PROMPT:
Could the data below be retyped exactly, without its pictures?

RECORDED DATA:
###

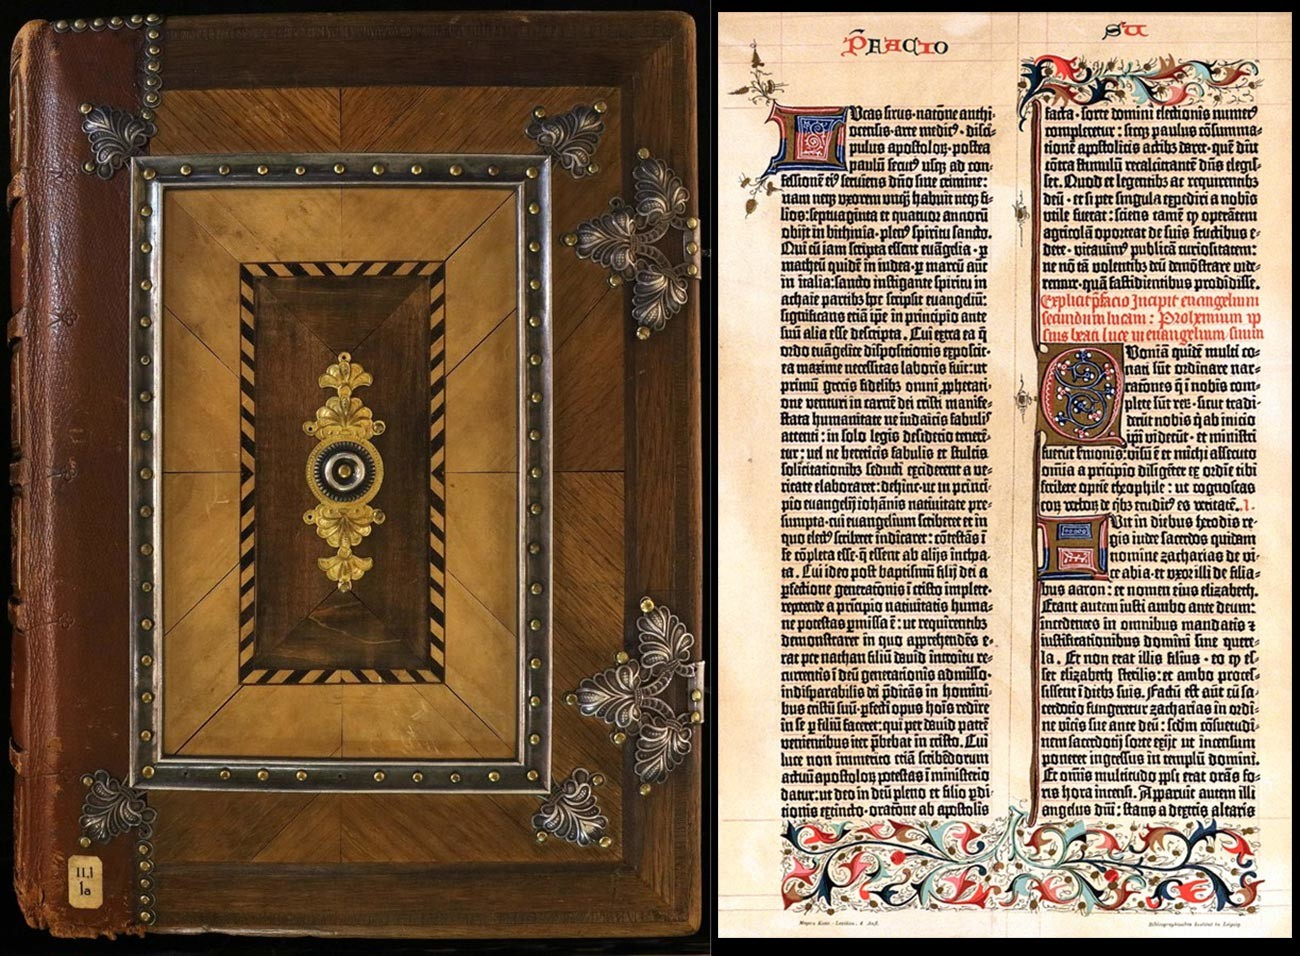 Una delle due Bibbie stampate da Johannes Gutenberg
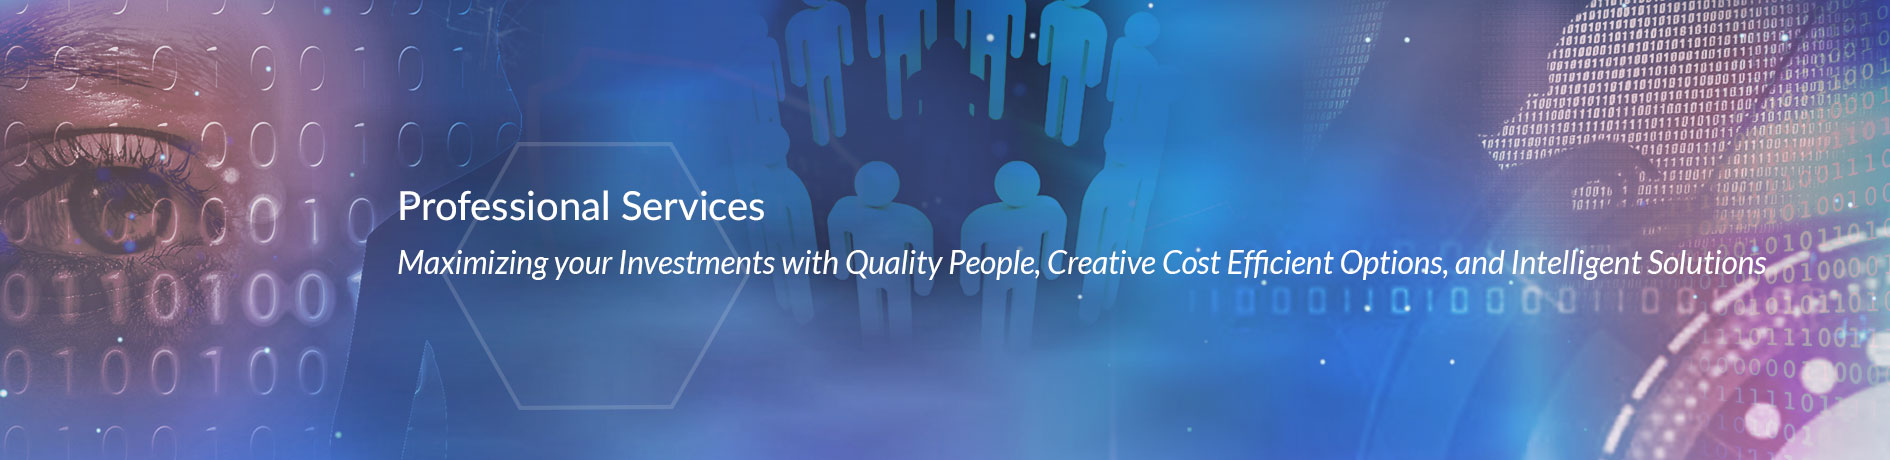 Gurucul-Professional Services
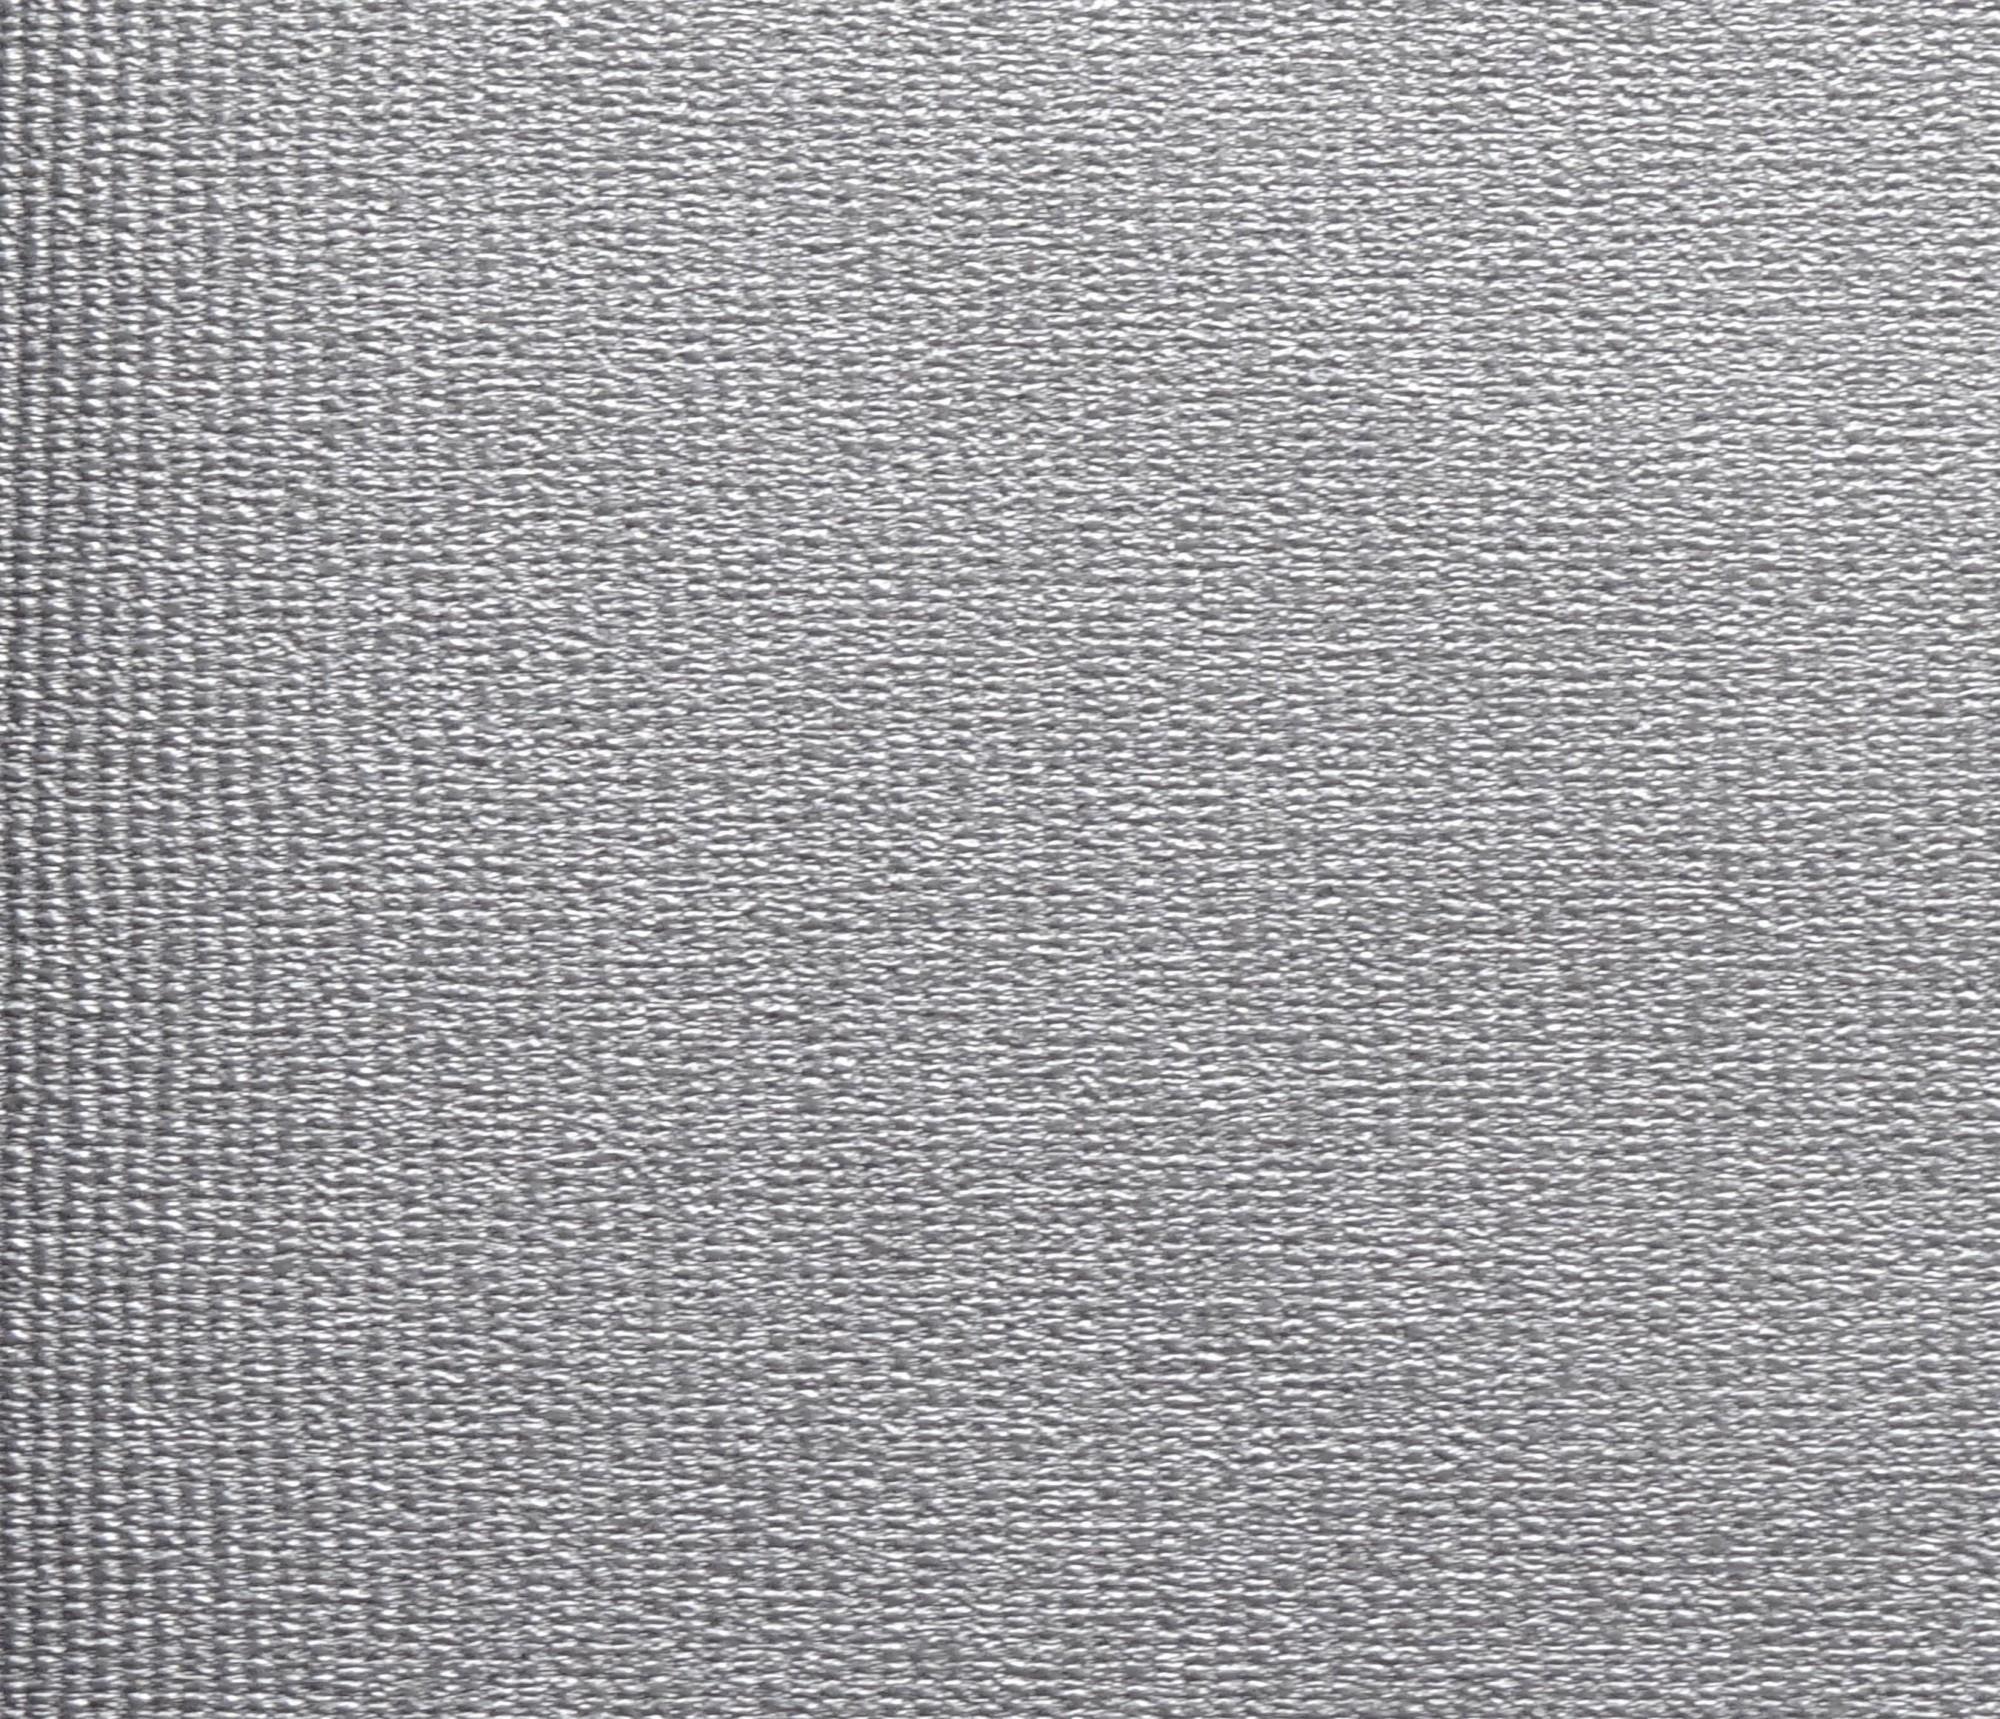 marburg designtapete karim rashid tapete 51947 uni silber metallic. Black Bedroom Furniture Sets. Home Design Ideas

###

ANSWER TO THE PROBLEM:
 Una delle due Bibbie stampate da Johannes Gutenberg
 Gurucul-Professional Services
 marburg designtapete karim rashid tapete 51947 uni silber metallic. Black Bedroom Furniture Sets. Home Design Ideas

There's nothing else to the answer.